Contemporary healthcare requires physicians to have well developed ethical judgment skills in addition to excellent clinical skills. However, no consensus has been reached on how to best teach ethical judgment skills during medical training. Previous studies revealed inconclusive results and applied varying theoretical frameworks. To date, the students' perspectives on their development in ethical judgment has received less attention. Better insights in the learners' experiences can help to improve educational interventions in medical ethics. A vignette featuring a challenging case with opposing views between a patient's parents and a physician followed by a questionnaire was presented to a cohort of medical students at a German medical school at three points in time during their medical training (Year 1, 2 and 5). The questionnaire included closed and open-ended questions addressing the participant's preferred, hypothetical actions, their reasoning as well as the resources informing their reasoning. Content analysis was used for qualitative data; frequencies and percentages were used to describe quantitative findings. The response rate remained stable (28%) over the study period. Participants' responses changed overtime. Accepting parents' autonomy in the decision-making process was the majority standpoint of students in year 1 and 2 and became less often cited in year 5 (Year 1/2/5: 68/67/48%). On the contrary, not readily following the parents' decision for medical reasons was a minority standpoint in year 1 and became more prevalent over time (year 1/2/5: 12/17/42%). Judgments were only partly based on ethics training. Instead, participants drew on experiences from their clinical clerkships and their personal lives. Throughout the study, participants did not feel well-prepared to make a judgment in the case (Average 2.7 on a Likert-Scale; 1=very well prepared, 4=very poor). Over the course of their medical training, the participants seemed to increasingly frame the presented vignette as a medical problem. To optimize the development of ethical judgment teaching of ethics should be more integrated in clinical teaching. In addition to the analysis of rare and extreme cases, teaching ethics should also expand on challenges students and junior doctors commonly encounter themselves to promote ethical sensitivity and confidence in students.

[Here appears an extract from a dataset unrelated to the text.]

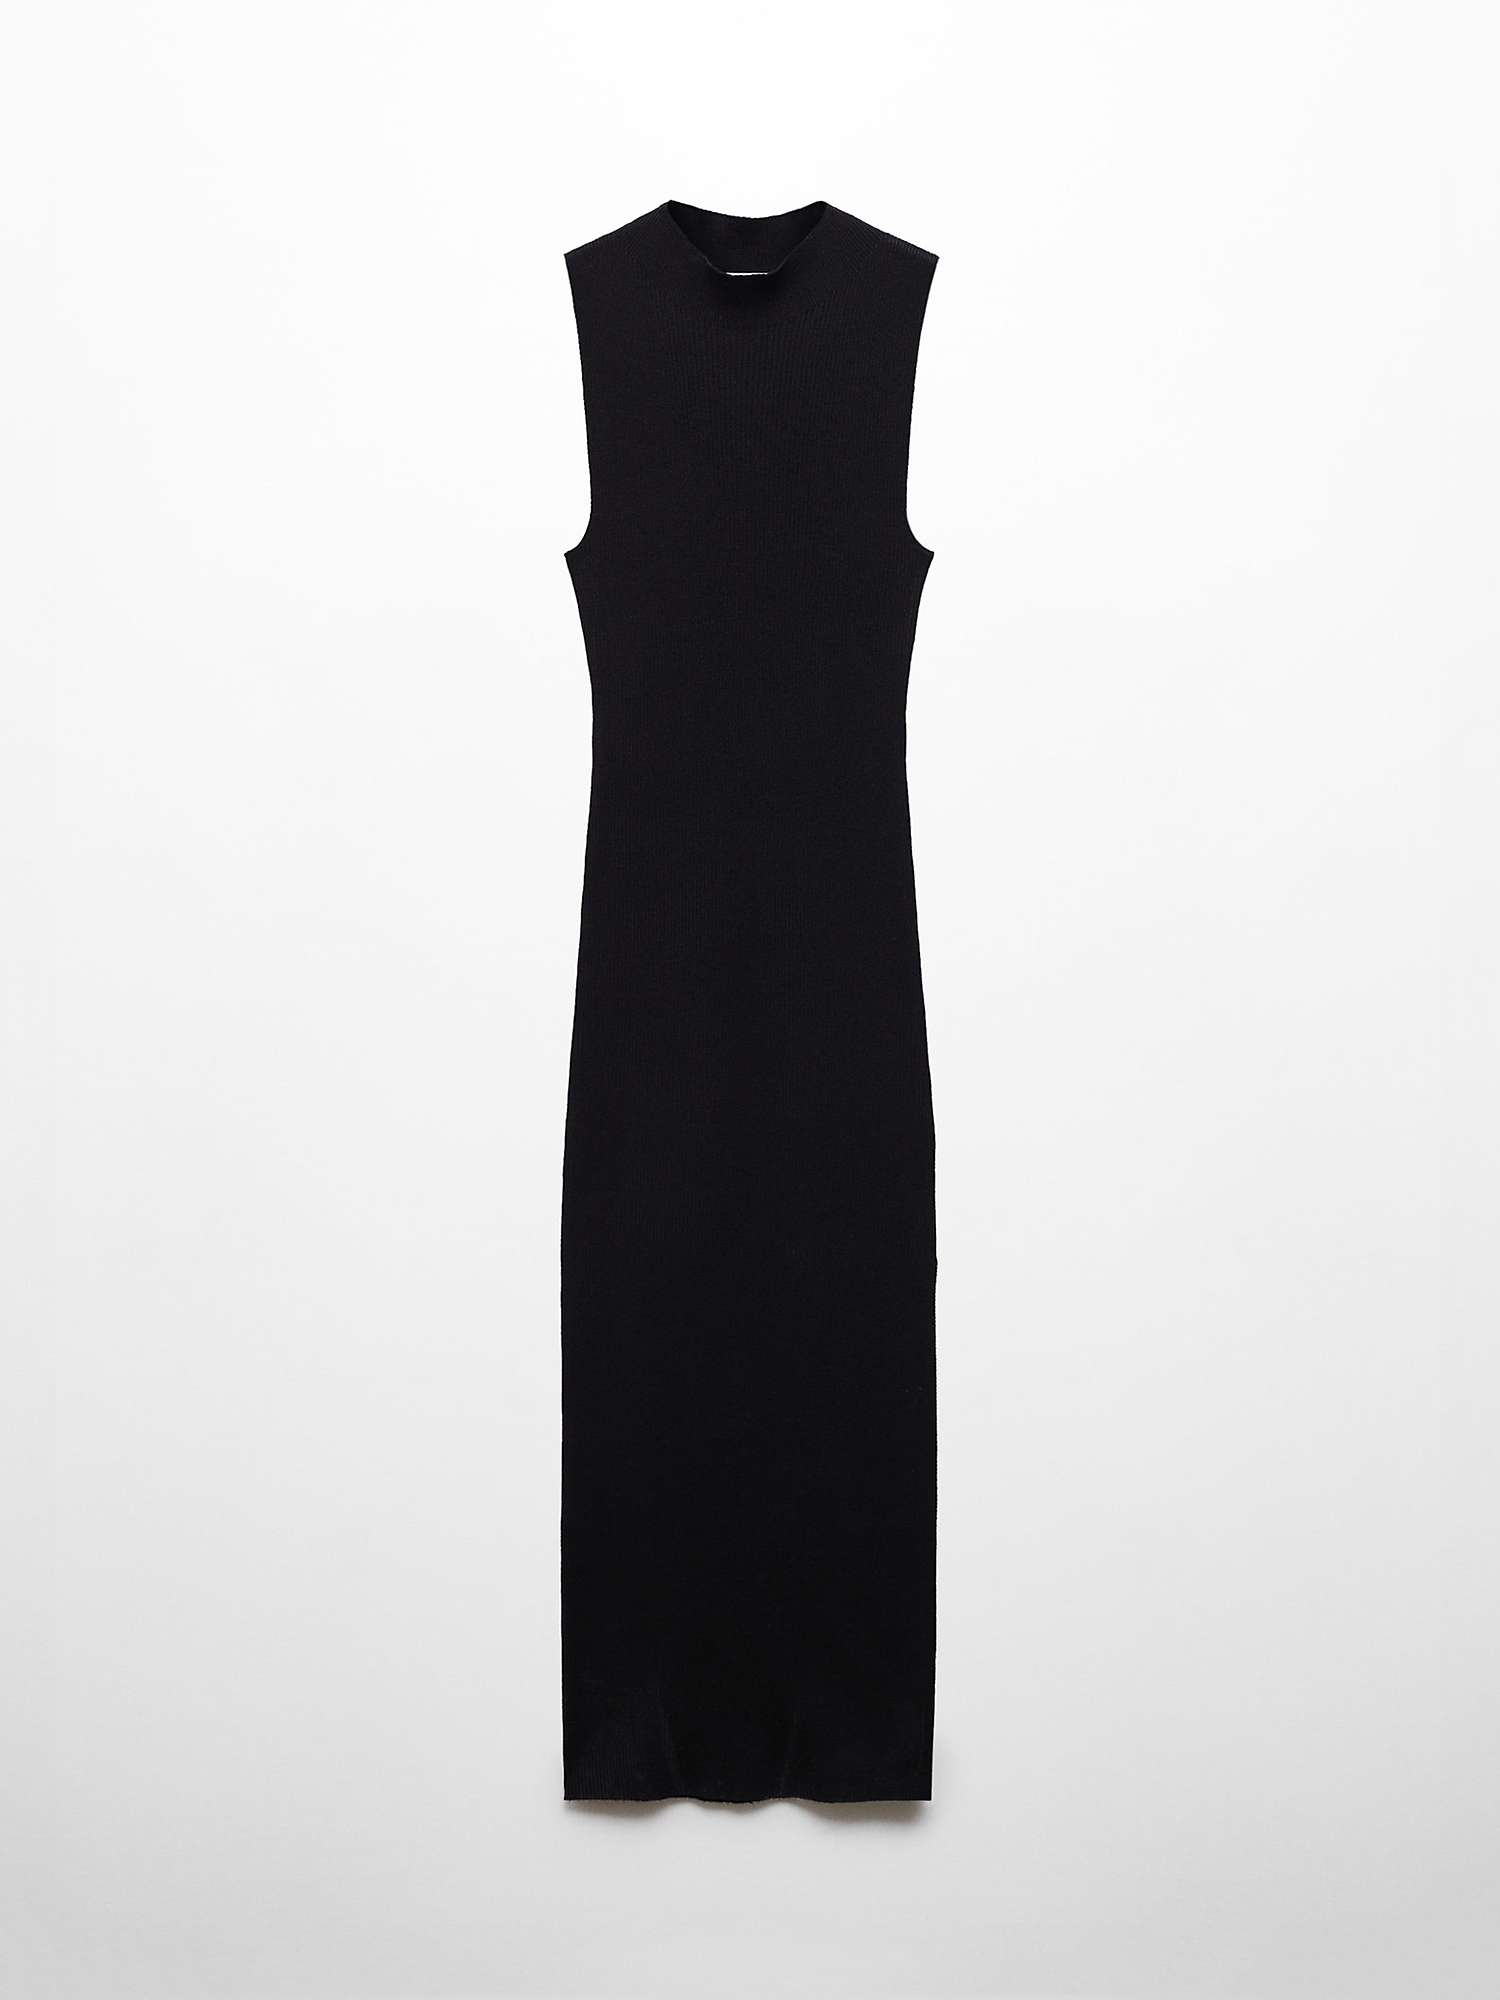 Buy Mango Perez Ribbed Knit Dress, Black Online at johnlewis.com

当代医疗保健要求医生除具备出色的临床技能外,还需具备良好的伦理判断能力。然而,对于在医学培训期间如何最好地教授伦理判断技能,尚未达成共识。先前的研究结果尚无定论,且应用了不同的理论框架。迄今为止,学生对自身伦理判断发展的看法较少受到关注。深入了解学习者的经历有助于改进医学伦理学的教育干预措施。在德国一所医学院,在医学培训的三个时间点(第1年、第2年和第5年),向一群医学生展示了一个以患者父母和医生之间存在对立观点的具有挑战性案例的 vignette,随后进行问卷调查。问卷包括封闭式和开放式问题,涉及参与者偏好的、假设的行动、他们的推理以及为其推理提供信息的资源。定性数据采用内容分析法;频率和百分比用于描述定量研究结果。在整个研究期间,回复率保持稳定(28%)。参与者的回答随时间而变化。在第1年和第2年,学生的多数立场是在决策过程中接受父母的自主权,而在第5年提及的频率降低(第1年/第2年/第5年:68%/67%/48%)。相反,因医学原因不轻易遵循父母的决定在第1年是少数立场,且随着时间推移变得更为普遍(第1年/第2年/第5年:12%/17%/42%)。判断仅部分基于伦理培训。相反,参与者借鉴了临床实习和个人生活中的经验。在整个研究过程中,参与者感觉自己没有做好对该案例进行判断的准备(李克特量表平均分为2.7;1 = 准备非常充分,4 = 准备非常差)。在医学培训过程中,参与者似乎越来越将所展示的vignette视为一个医学问题。为优化伦理判断的发展,伦理学教学应更多地融入临床教学。除了分析罕见和极端案例外,伦理学教学还应拓展学生和初级医生自身常见的挑战,以提高学生的伦理敏感度和信心。